|Congressman Faleomavaega announced today plans to introduce legislation in Congress to provide for a federally authorized referendum in American Samoa on the question of citizenship. In a letter to Governor Lolo M. Moliga, Congressman Faleomavaega informed Governor Lolo and the Fono of his draft bill and welcomed their feedback on the legislation.
“A decision in Tuaua v. U.S. (citizenship lawsuit) currently in the U.S. District Court for the District of Columbia is expected in the upcoming months. The lawsuit could apply U.S. citizenship to everyone born in American Samoa, regardless if they want to become citizens,” Faleomavaega said.
“We can no longer afford to do nothing. It is time that we vote as a territory to decide if we want to become U.S. citizens. If we choose to do nothing, the decision to become U.S. citizens will be decided for us by persons and groups outside of American Samoa.”
“The legislation I have proposed will provide for a referendum in American Samoa, where all eligible voters decide whether they want to become U.S. citizens. After 70 years of struggling with the citizenship issue in American Samoa, the time has come to make a decision.” Faleomavaega concluded.
The full text of the Congressman’s letter to Governor Lolo and the Fono is included below:
I write regarding legislation I intend to introduce to Congress to provide for a federally authorized referendum or plebiscite in American Samoa on the question of citizenship. A decision in Tuaua v. U.S. (citizenship lawsuit) currently in the U.S. District Court for the District of Columbia is expected in the upcoming months. The lawsuit could apply U.S. citizenship to everyone born in American Samoa, regardless if they want to become citizens. We have been struggling with the question of citizenship for over 70 years, and can no longer afford to do nothing. If we choose to do nothing, outside forces will decide our future for us, as is the case in the citizenship lawsuit. The time is of the essence to decide whether the people of American Samoa desire U.S. citizenship.
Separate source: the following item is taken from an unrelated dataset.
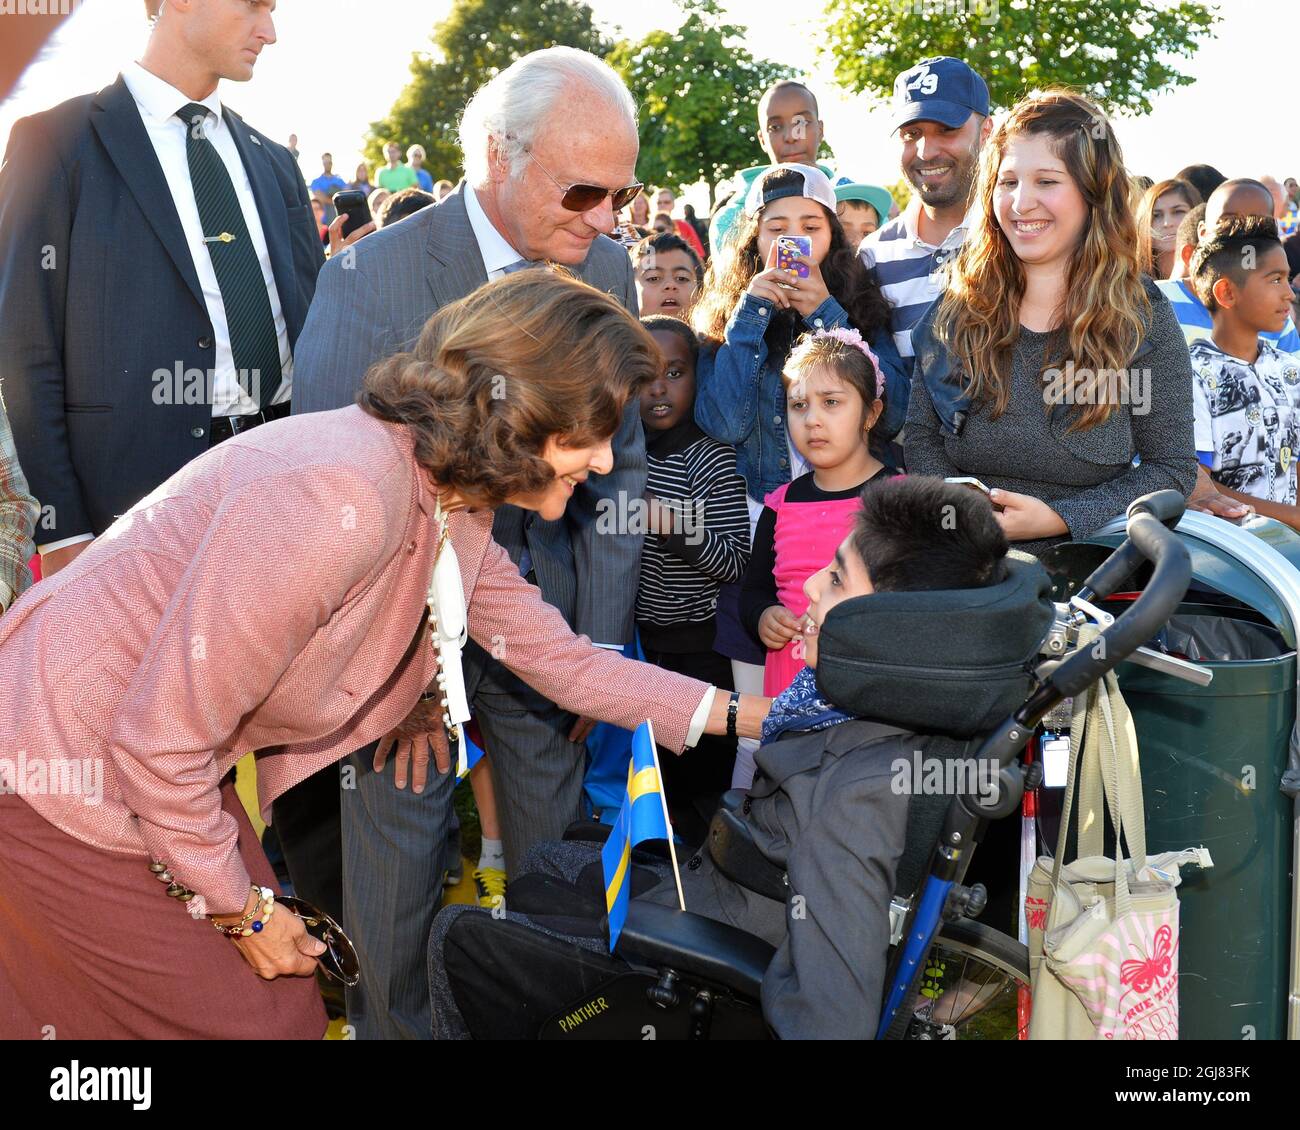 LINKOPING 20130903 King Carl Gustaf and Queen Silvia meet children during a visit to Ryd's activity park in Linkoping, Sweden, September 3, 2013. The visit is a part of the Kings ongoing 40 year anniversary on the throne. Foto:Jonas Ekstromer / SCANPIX / Kod 10030  Stock Photo

The legislation that I am proposing will likely come at no cost to the local government, and will allow all eligible voters in American Samoa to decide whether they want to become U.S. citizens. I also included similar language in a Territorial Omnibus Act that Congress will address later this year.
The decision to become U.S. citizens has been complicated in the past because of concerns regarding the impact of citizenship on our communal land system and matai titles. However, we know from the examples of other U.S. territories that by becoming citizens through congressional action we can negotiate the terms of our relationship with the U.S. to protect our traditional culture.
All other U.S. territories have received citizenship through Congressional action. The Commonwealth of the Northern Mariana Islands (CNMI) is the latest U.S. territory to receive citizenship, when Congress in 1976 resolved to accept a Covenant of Political Union between CNMI and the U.S. Within the Covenant, Congress included language which authorizes the CNMI to “restrict acquisition of any lands in the Northern Mariana Islands to persons of Northern Marianas descent.” American Samoa can similarly negotiate an agreement with the U.S. to gain citizenship while at the same time ensuring protection of our culture and communal lands.
As you may know, one of the recommendations of the 2007 Future Political Status Study Commission Report states that “American Samoa shall continue as an unorganized and unincorporated territory and that a process of negotiation with the U.S. Congress for a permanent political status be initiated.” The Commission called for a specially tailored Act of Congress to reaffirm the special protective provisions for lands and titles in the Constitution of American Samoa.
I welcome your feedback on this draft bill and look forward to working with you and the Fono on this important issue for American Samoa.